一下子,她的笑容消失了,放下电话后更显得焦急:“彭总,对不起,我儿子病了,发烧,我得先走。您看……多不好意思。”
“哦,没事。咱们也快吃完了。你先走吧,我买单,需要帮忙的话就别客气。”
林湄抱歉地笑了一下,拎起外套和皮包,匆匆地走了。
三十五
小健已经读到三年级,是林湄最挂心的人了。她平时应酬多,照顾他未免不周,所以一看到他有个头痛感冒的就特别自责。此刻正是七月,热感冒更难治。林湄心急火燎地跑到婆婆家。
小健烧得不轻,小脸红通通的,林湄把脸贴上去,滚烫滚烫的。婆婆说,量过体温了,39度2,并且刚刚吃过扑热息痛。林湄咬着嘴唇说:“等会儿,烧退了再做道理。”然后她倒了杯温开水对儿子说:“乖孩子,发烧得多喝水才好得快。”小健听话地喝了。
二十分钟后,小健的烧退了,精神也好了起来,吃了些水果。林湄以为没问题了,就带着他回了家。哪知到家不过两个多小时,小健又烧了起来,只好又吃退热药。如此反复折腾了一宿,第二天,林湄没吃饭就带着儿子去了附近的中医院。医生看了,说是感冒,要留在观察室挂点滴。林湄忙开了药让护士给儿子挂上吊瓶,忙又打电话去报社和鹏达办公室请了假。幸好是暑假,就免了到学校请假的麻烦。

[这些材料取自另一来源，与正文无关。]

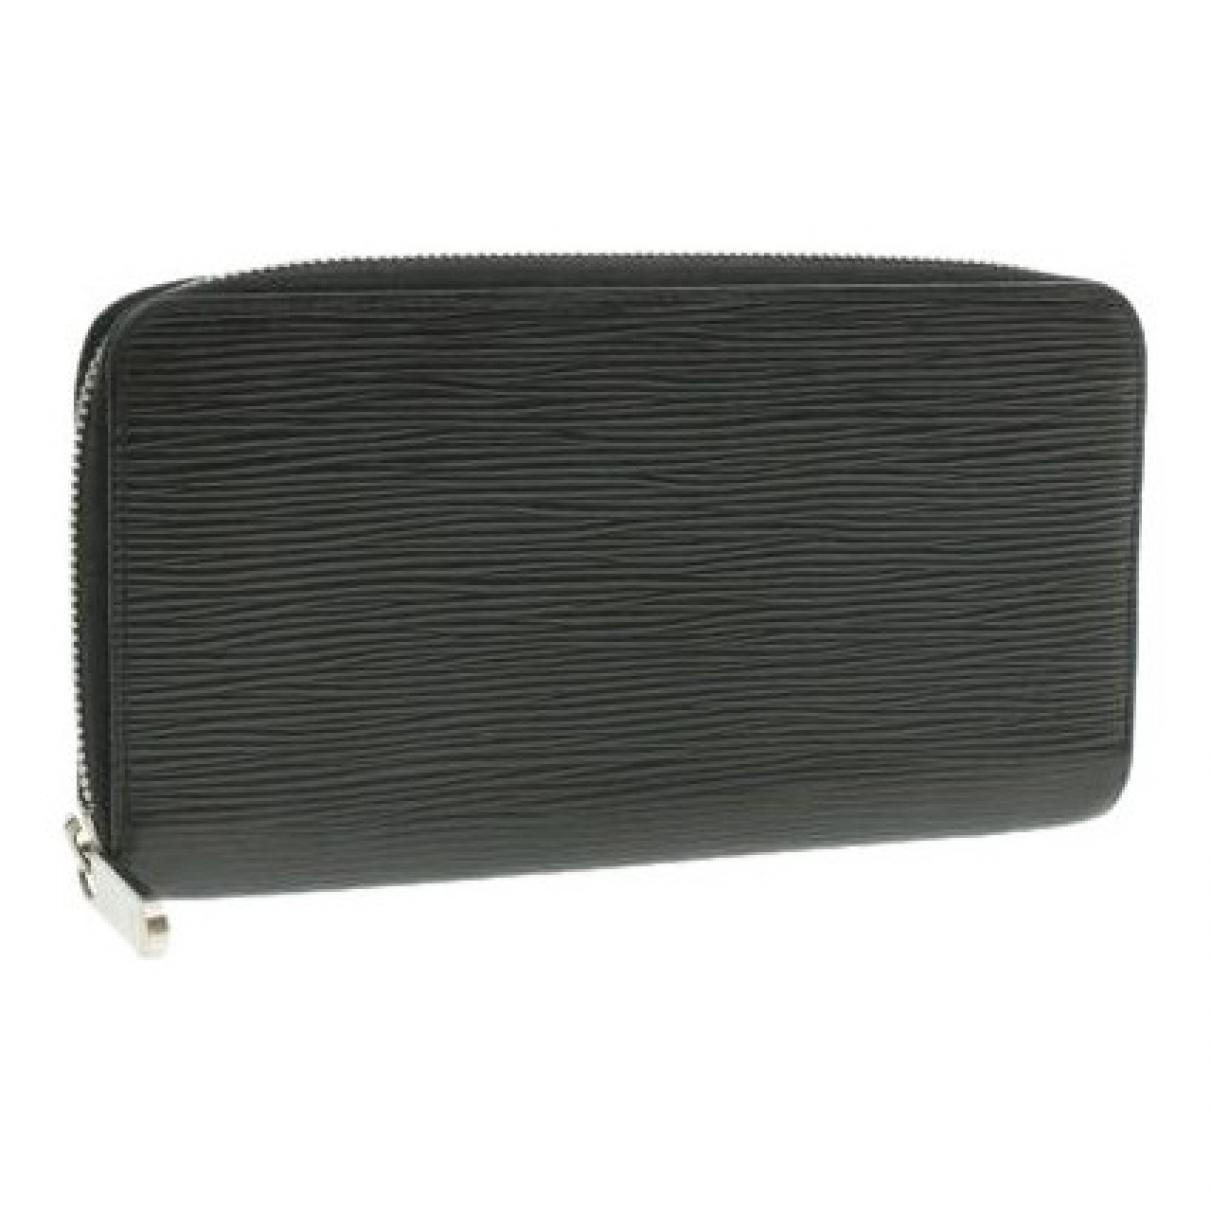 Louis Vuitton \N Black scarf for Women \N

中午,护士给小健撤了吊瓶。林湄觉得儿子虽然不发烧了,可是精神还是不怎么样,就担心地问:“是不是药不对症?”护士不高兴地回答:“什么灵丹妙药,滴了就见效。不滴个三天五天是不行的。况且,你说孩子青霉素过敏,滴的是中药。”林湄不好意思地陪笑。
回了家,她给儿子烧了两个清淡的菜,陪他玩了会。晚上六、七点钟的时候,小健又烧了起来。林湄可不敢再多给孩子吃退热药了,只好找了一瓶白酒,用干净手帕蘸上酒一遍一遍地在儿子身上擦拭。如此又熬了一夜,林湄的眼窝也塌了。
第二天,她带儿子去了市人民医院,楼上楼下检查,又拍了X光。医生看了片子,说转成了大叶肺炎,要住院,可儿科没有床位。林湄的火一下子就上来了,忙又打电话找熟人联系妇婴医院。忙来忙去的,等小健在妇婴医院住上院时已经是中午,烧一点都没有退。能用的药刚用上,医生们就午休了。林湄坐在床边守着儿子,心里忐忑不安的。这时,传呼机又响了,是一个陌生的号码,她踌躇了一会才去回了电话。
陌生的电话是彭堃打来的,问孩子怎么样。林湄说了“在医院,一切都好,谢谢惦记”的话后就挂了电话。她想,虽然不是陌生人,可是毕竟没到无话不谈的地步,少说些为好,不过,足见其为人的诚恳与细心。